When you write out the listing, keep every character and omit the pictures.

- [DATA SECTION]
--- --- ---

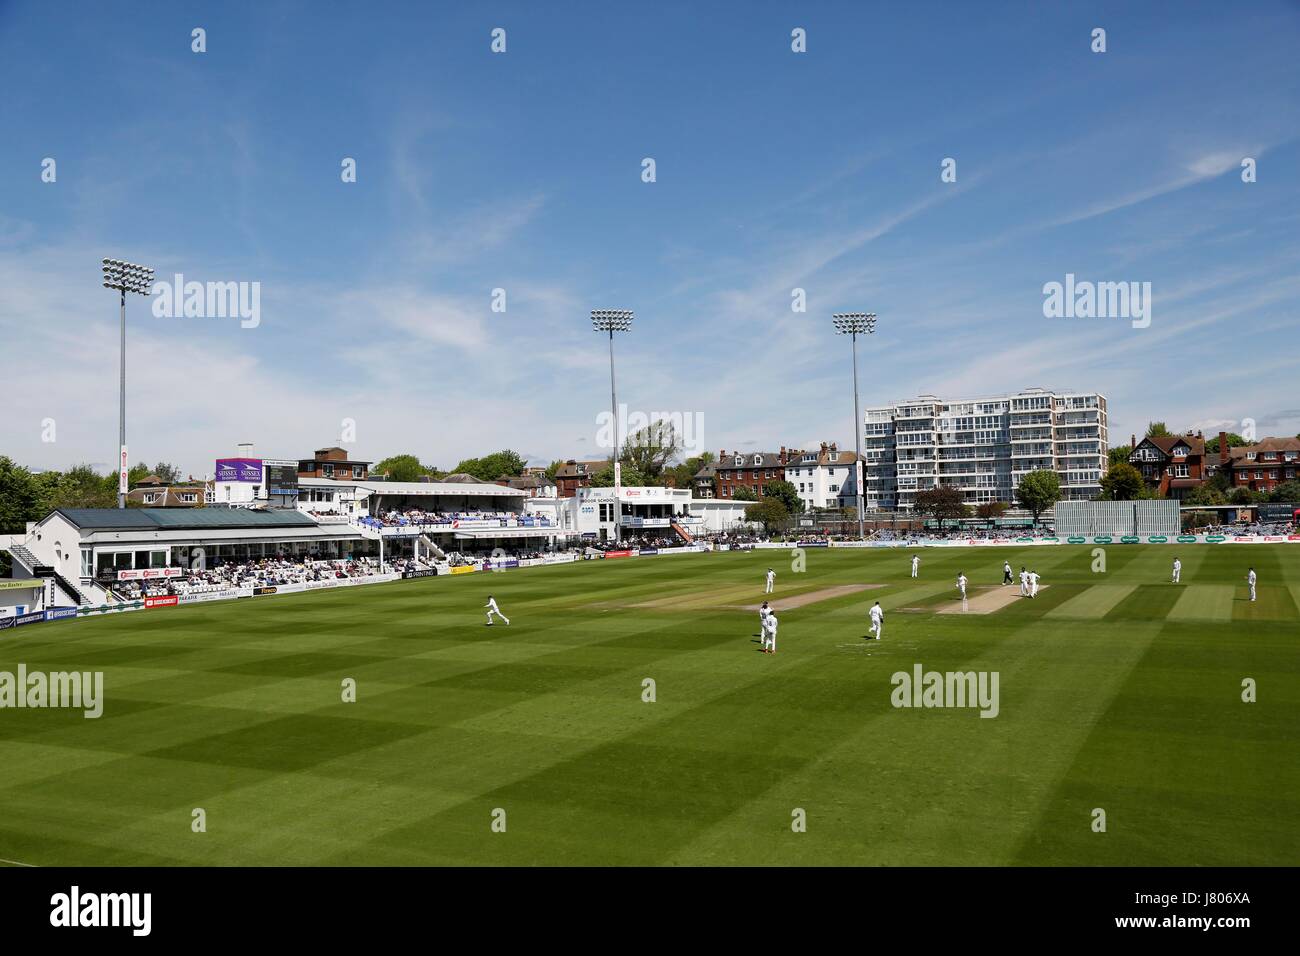 General view of the County Ground in Hove during the County Championship match between Sussex and Durham. Stock Photo
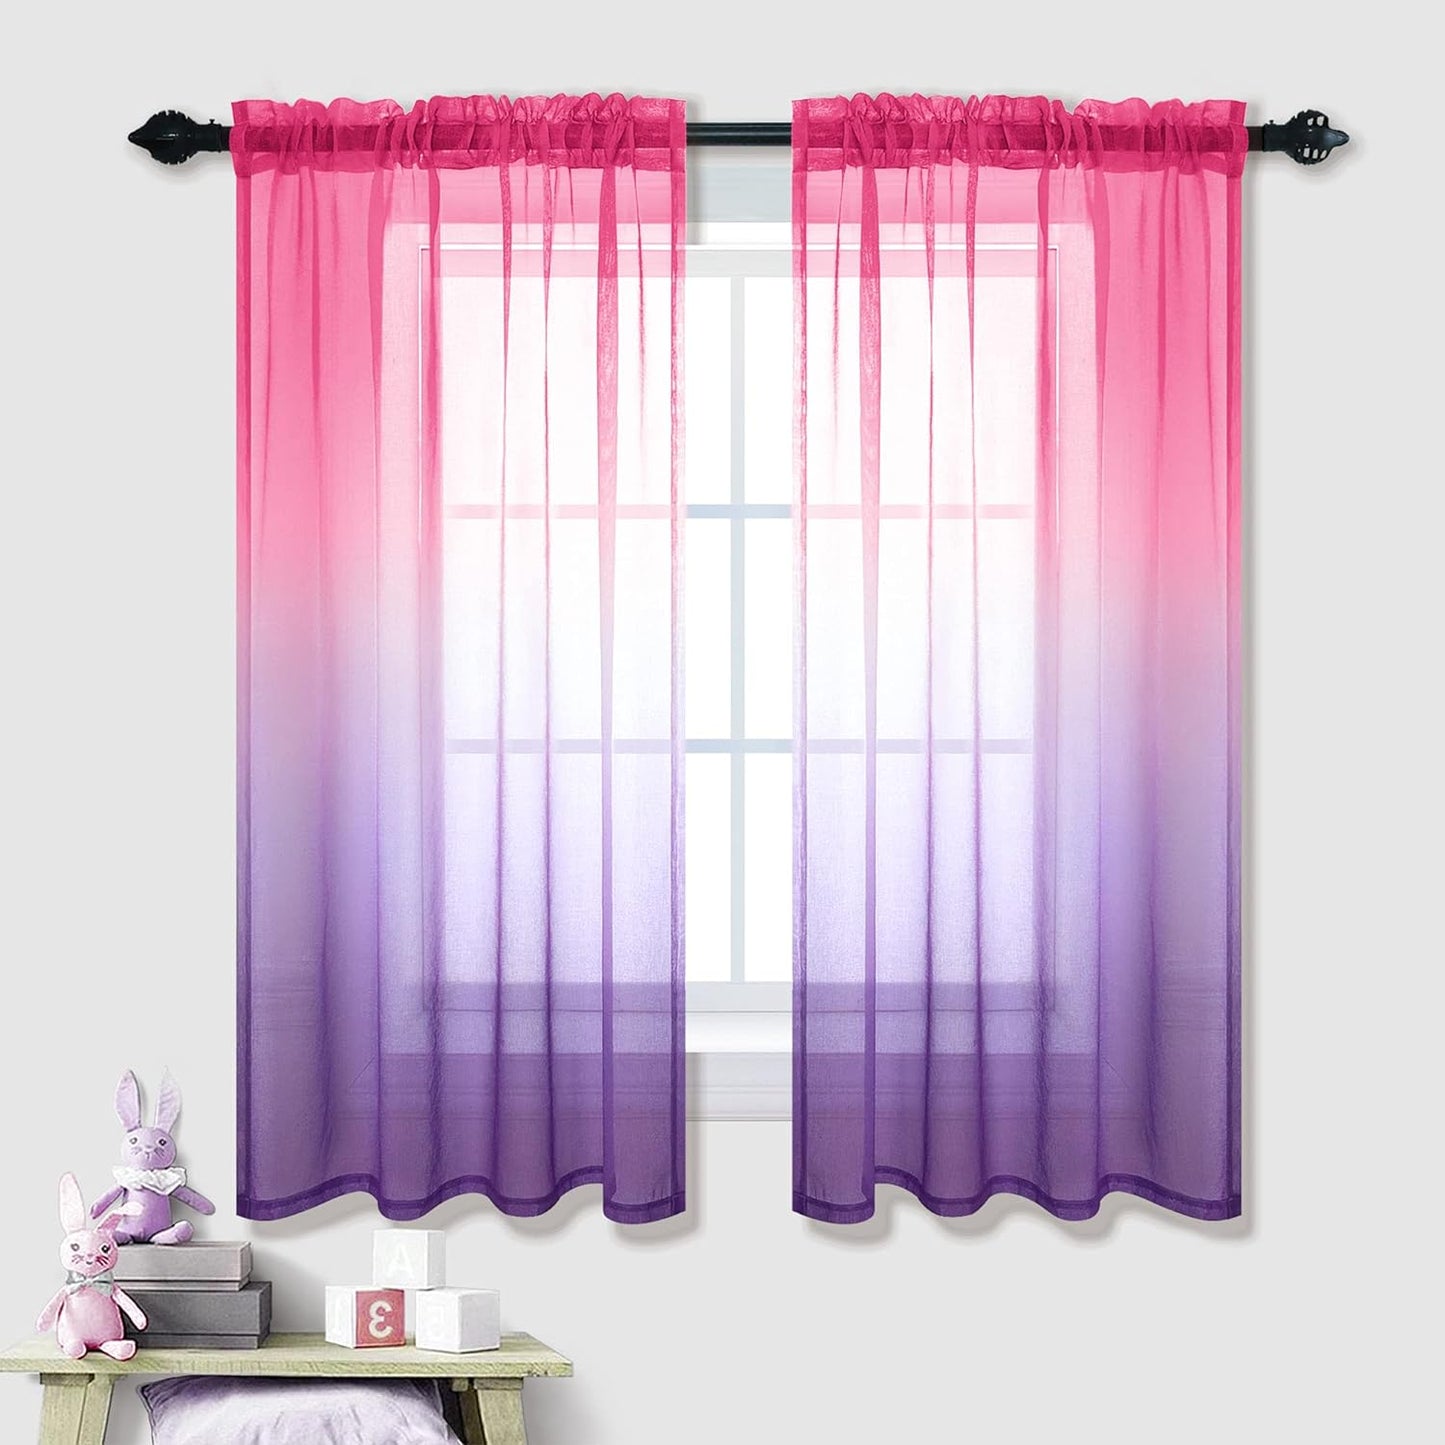 Spring Sheer Curtains for Living Room with Rod Pocket Window Treatments Decor 84 Inch Length Bedroom Curtain Set of 2 Panels Yellow and Grey Gray  PITALK TEXTILE Pink And Purple 42X45 
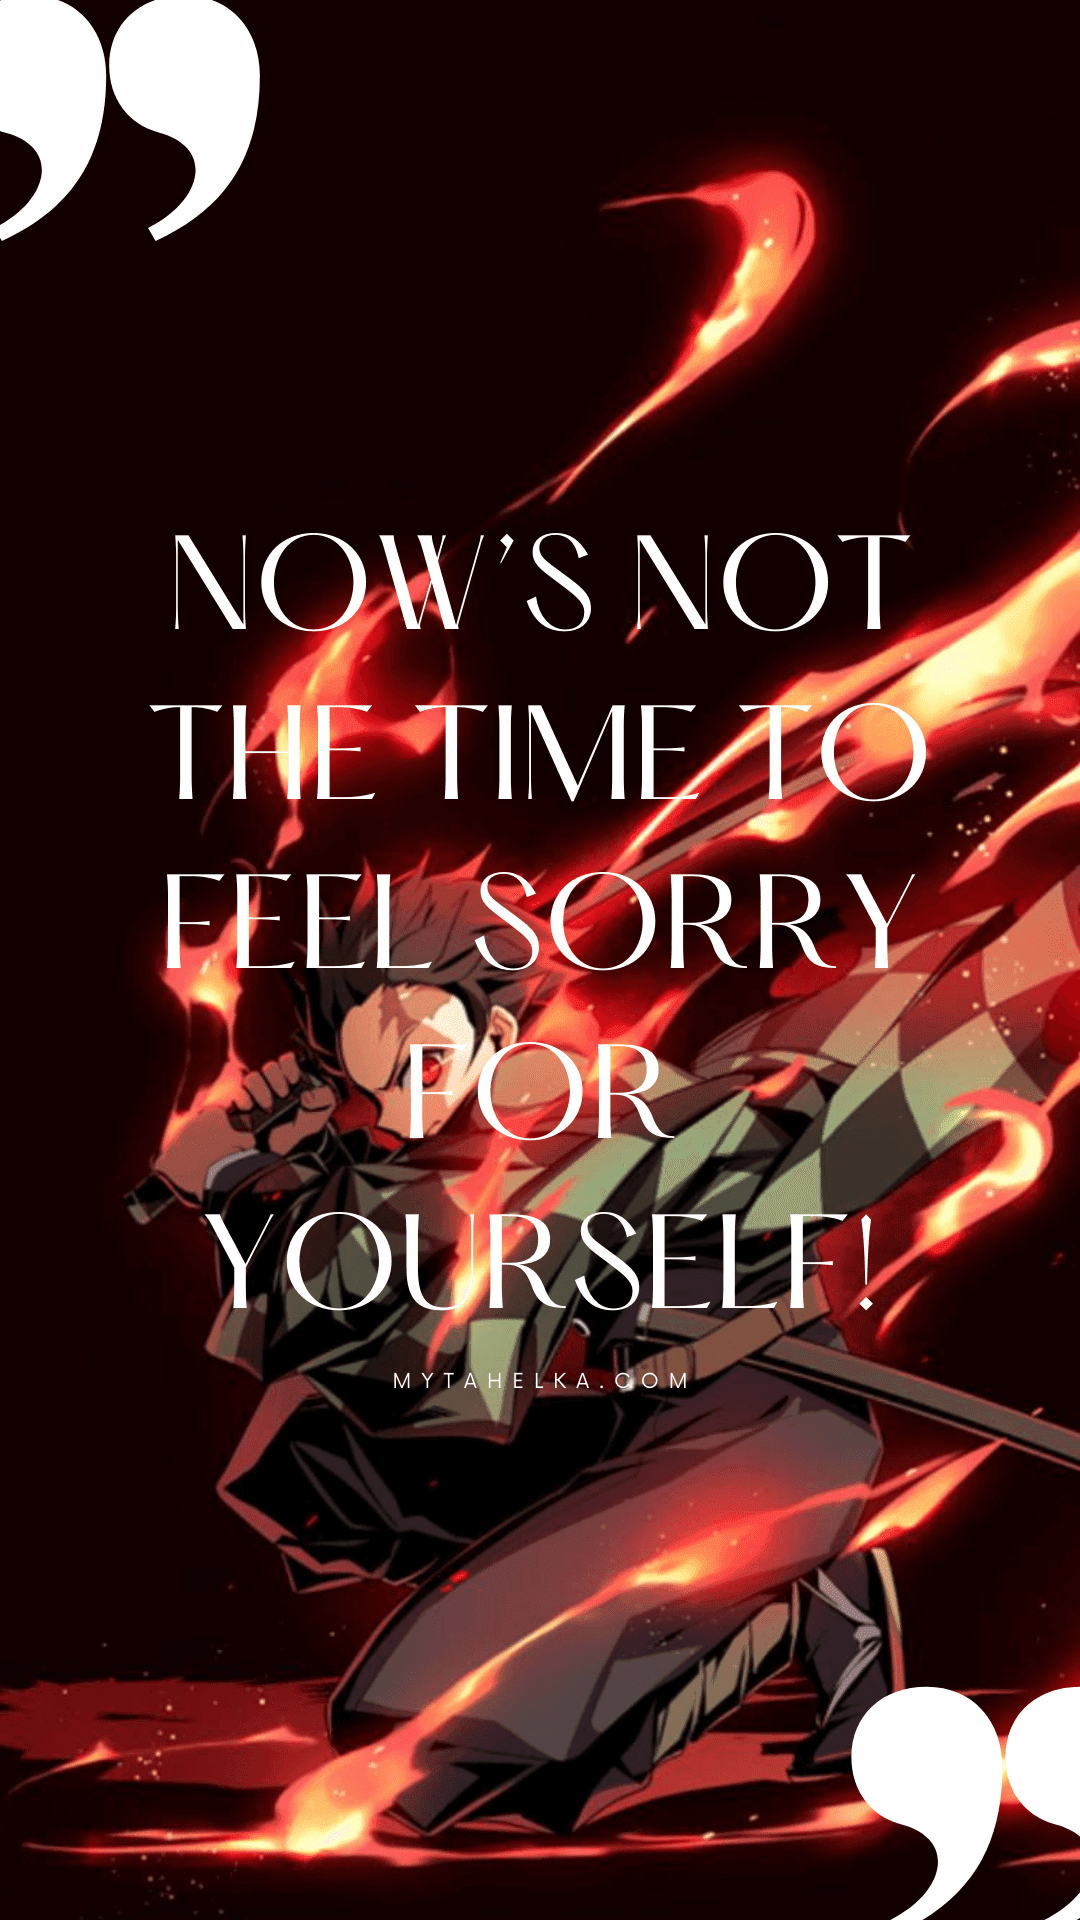 Cool Wallpaper Anime Quotes. Wallpaper with Anime Quotes
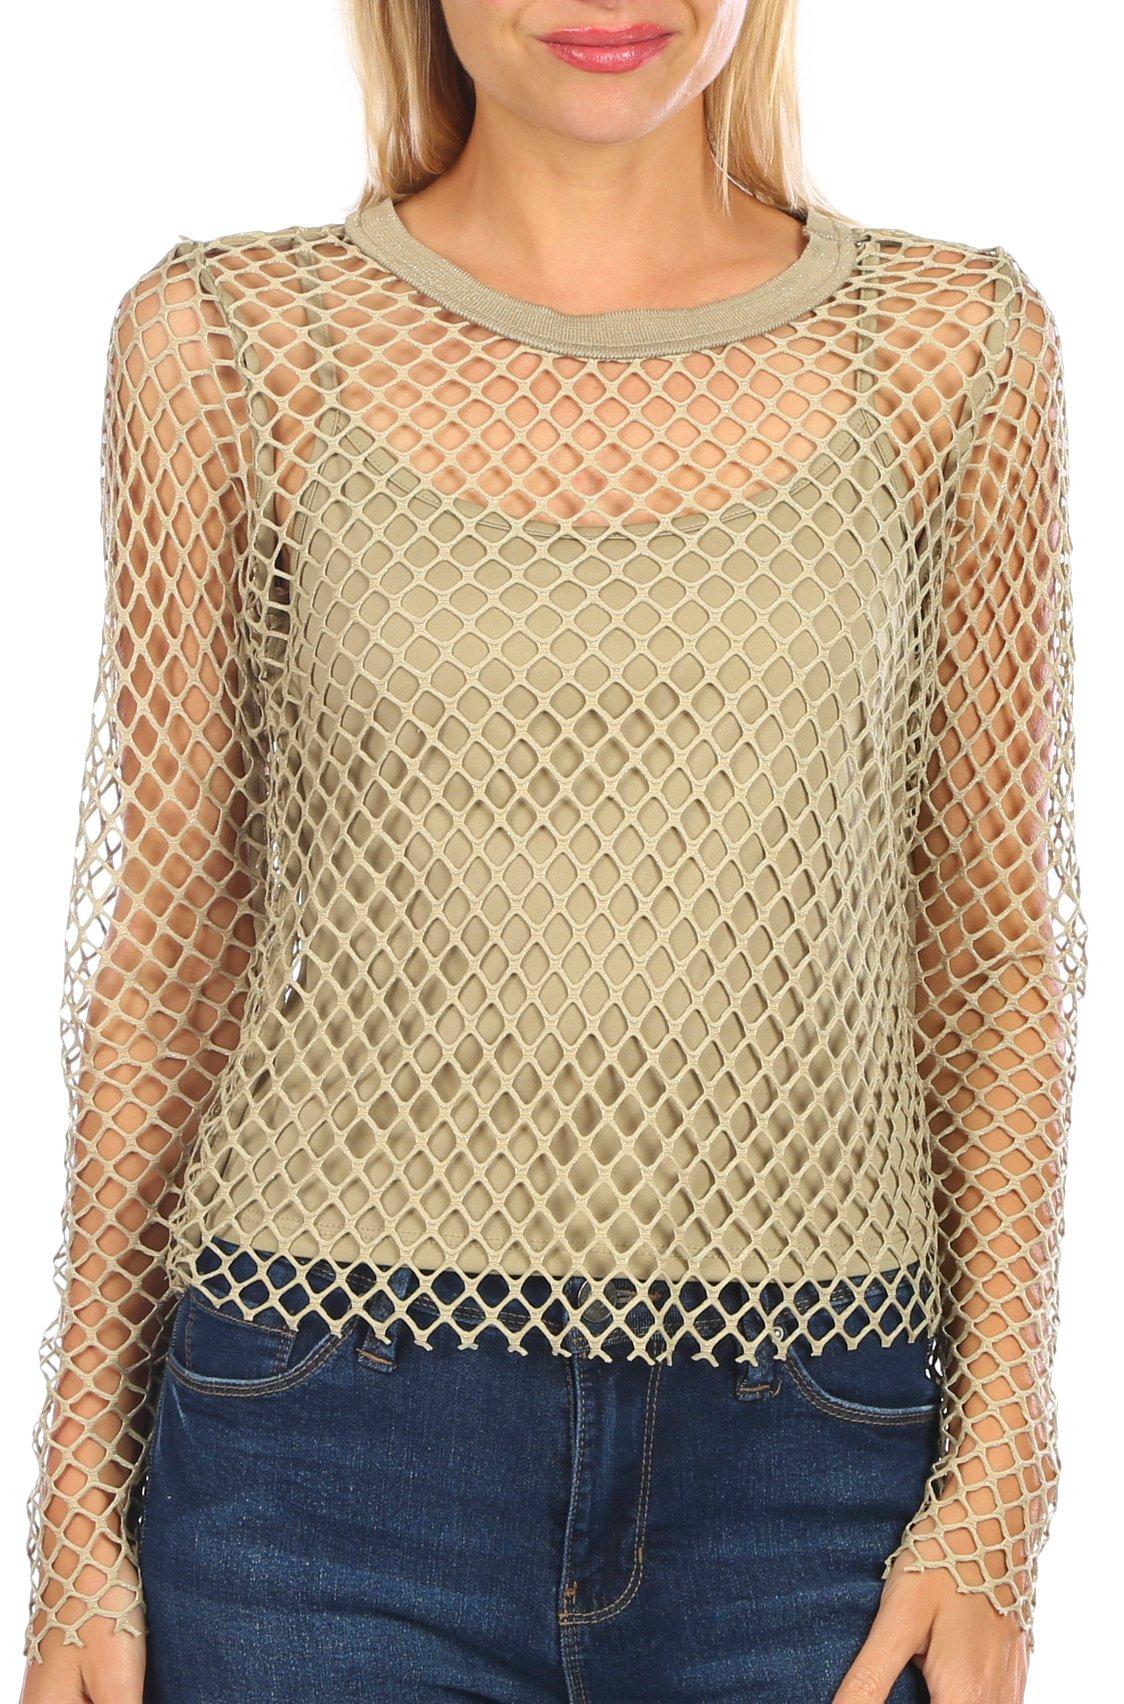 Almost Famous Juniors Long Sleeve Fishnet and Tank

--- --- ---

- [RESULT OF THE EXERCISE]
 General view of the County Ground in Hove during the County Championship match between Sussex and Durham. Stock Photo
 Spring Sheer Curtains for Living Room with Rod Pocket Window Treatments Decor 84 Inch Length Bedroom Curtain Set of 2 Panels Yellow and Grey Gray  PITALK TEXTILE Pink And Purple 42X45 
 Cool Wallpaper Anime Quotes. Wallpaper with Anime Quotes
 Almost Famous Juniors Long Sleeve Fishnet and Tank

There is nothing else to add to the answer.